FER2013 dataset - https://www.kaggle.com/nicolejyt/facialexpressionrecognition (.csv file)
Deep Convolutional Neural Networks (DCNNs) and Convolutional Neural Networks (CNNs) have been successfully used for facial emotion recognition (FER) tasks.
Facial emotion recognition is a challenging task that involves detecting and recognizing emotions from facial expressions. The process involves detecting key facial landmarks and extracting features from them, and then using a classifier to predict the emotion category.
One popular CNN architecture used for FER is the VGG16 model. Researchers have fine-tuned VGG16 for FER by retraining the model on a large dataset of facial images labeled with emotion categories. This fine-tuning process involves freezing the first few layers of the model, which are responsible for detecting low-level features like edges and textures, and retraining the later layers to learn high-level features that are specific to the FER task.

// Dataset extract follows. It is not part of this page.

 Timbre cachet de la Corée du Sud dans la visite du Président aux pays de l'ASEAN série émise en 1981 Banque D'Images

Another popular CNN architecture for FER is the Inception-V3 model, which has been shown to outperform VGG16 on some FER benchmarks. Inception-V3 uses a more complex architecture that incorporates multiple scales of convolutional filters to capture features at different levels of abstraction.

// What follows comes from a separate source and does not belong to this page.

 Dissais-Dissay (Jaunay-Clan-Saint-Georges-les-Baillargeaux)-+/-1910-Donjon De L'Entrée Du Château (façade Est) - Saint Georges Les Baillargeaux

DCNNs, which are simply CNNs with more layers, have also been used for FER tasks. For example, the DeepEmotion model is a DCNN architecture that has been designed specifically for FER. It uses a combination of convolutional, pooling, and fully connected layers to extract features from facial images, and achieves state-of-the-art performance on some FER benchmarks.
In summary, DCNNs and CNNs have been successfully used for FER tasks, and architectures like VGG16 and Inception-V3 have been fine-tuned for this specific application. The choice of model architecture depends on the specific FER task and the available dataset.